The annualized cost of transplantation over 10 years is less than 25% of the cost of dialysis ($16,844 versus $70,581) . Solving the problem of graft loss would create savings to payers (public and private combined) of more than $3.4 billion per year . Assuming that TruGraf will lead to 90% fewer protocol biopsies per patient resulting in a saving of $4,546 per year, without incorporating the cost of TruGraf. Additional savings are obtained by factoring in the reduction in annual cost-per-patient savings due to reductions in the occurrences of acute rejection episodes, graft failures and graft failure patients who return to dialysis. Patient monitoring with TruGraf has the potential to enable physicians to not only eliminate the need for protocol biopsies, but improve patient management, reduce acute rejection episodes, graft failures due to acute rejection or nephrotoxicity and subsequent graft failures that result in patients returning to dialysis. We have conservatively estimated the following: Of the 12% of patients who experience an acute rejection episode in the first 2 years, utilization of the TruGraf test would reduce these occurrences by 5%; of the 7% of all patients who experience graft failure, it would reduce these occurrences by 25%; of the 5% of patients who experience graft loss and return to dialysis, it would reduce these occurrences by 10%. Under these assumptions, the combined savings utilizing the Trugraf test would provide a net savings of $1,302 per patient per year, including the TruGraf test costs. In 2016, 19,060 kidney transplants were performed; replacing protocol biopsy with TruGraf testing could save $24.8 million in direct treatment costs per year.
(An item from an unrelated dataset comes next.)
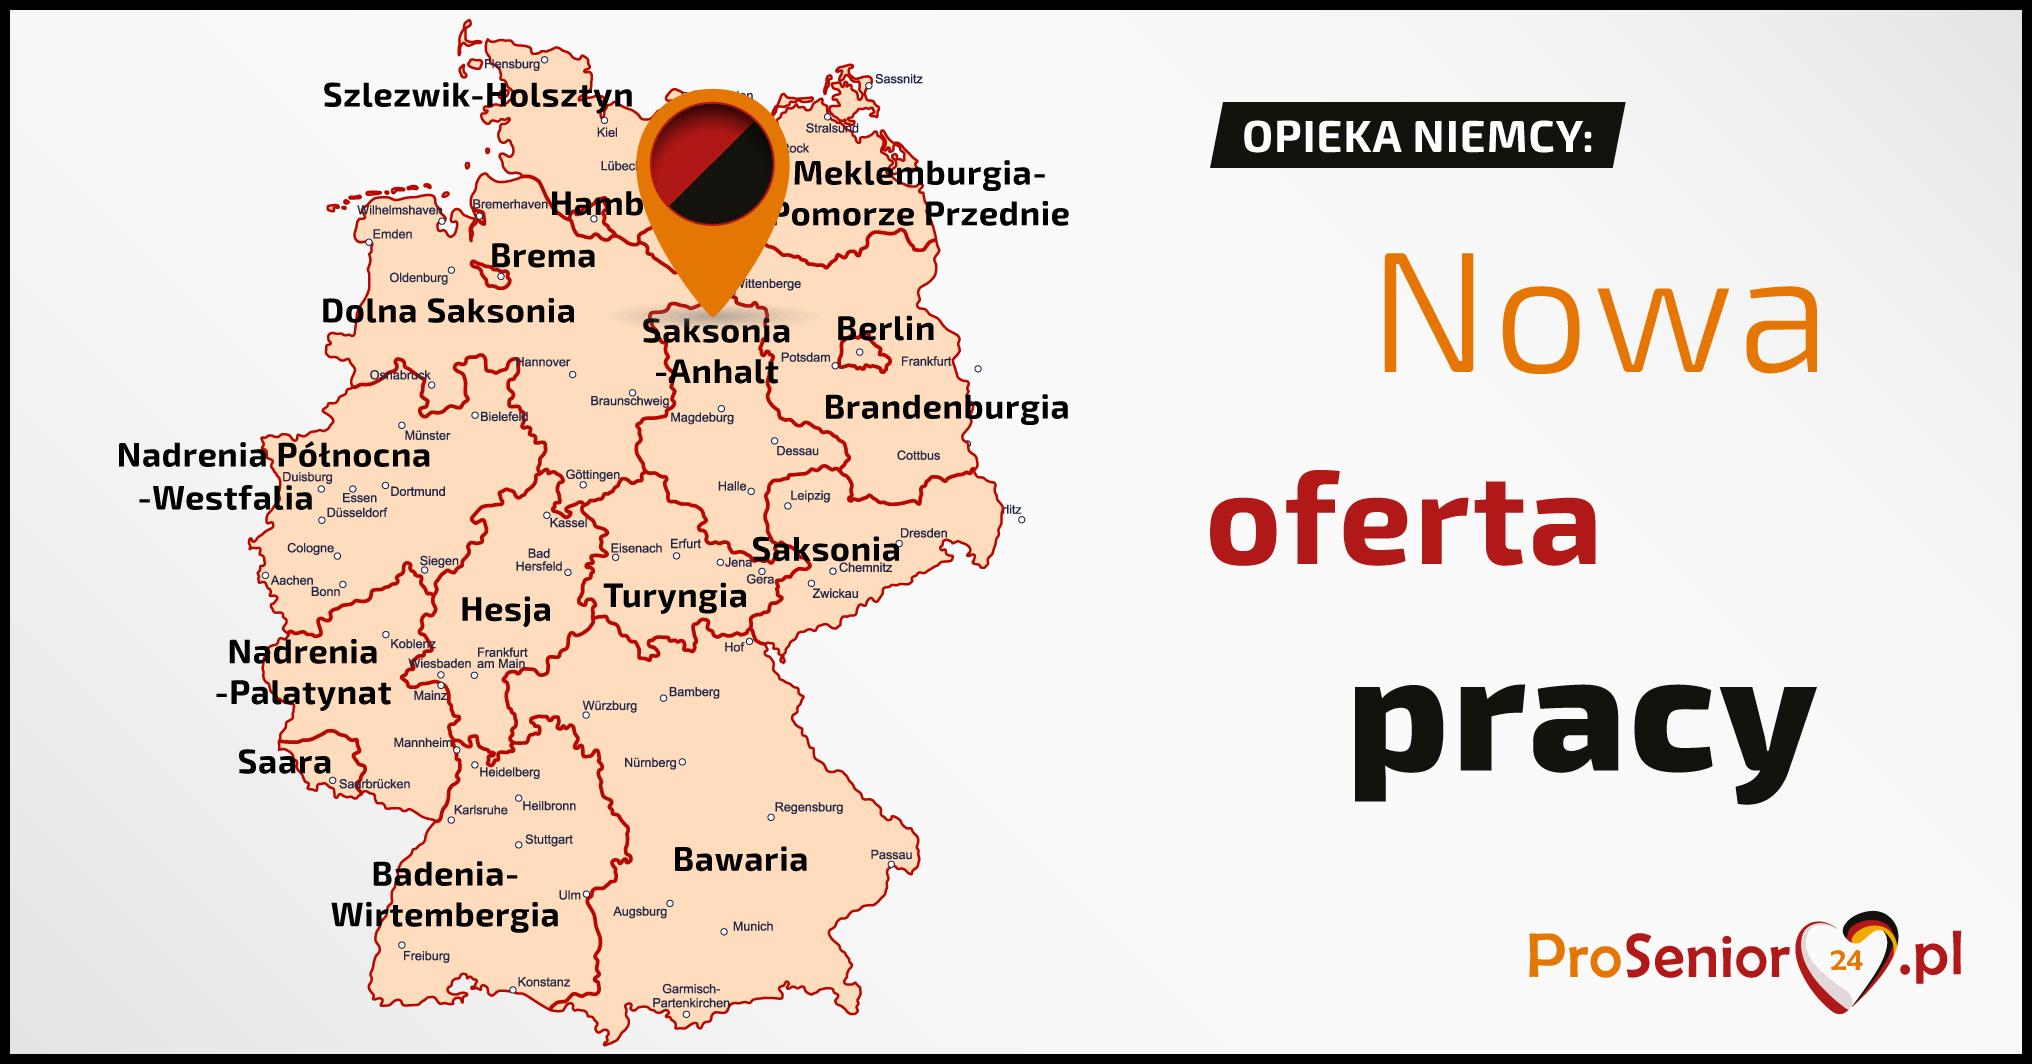 Oferta Opiekunka do starszej mobilnej pani w okolicy Lipska + WYJAZD W POŁOWIE LUTEGO

In conclusion, TruGraf blood testing provides a novel approach via non-invasive serial monitoring of kidney transplant patients to detect indicators of adequacy of immunosuppression, which previously was only possible with lagging late-stage biomarkers and invasive procedures. The primary intended use for the TruGraf test will be on patients with stable renal function after transplantation to determine their immune status, differentiating between a blood molecular profile consistent with a state of sufficient or over-immunosuppression (TX) or not (not-TX). Physicians will be able to use TruGraf results in combination with other laboratory test results and other clinical findings to help develop an individualized treatment plan based on each patient’s unique biology and immune activity levels. Through differential diagnosis of TX, TruGraf provides a non-invasive tool to support physicians in maintaining levels of effective immunosuppression and help guide personalized treatment plans. In the process, patients will be spared unnecessary protocol biopsies, the healthcare system will realize significant economic benefits, and the ability to intervene early with therapies to fend off clinical acute rejection may provide the added benefit of improving long term outcomes.
All authors are full-time employees of Transplant Genomics Inc., who developed the TruGraf test described in this manuscript.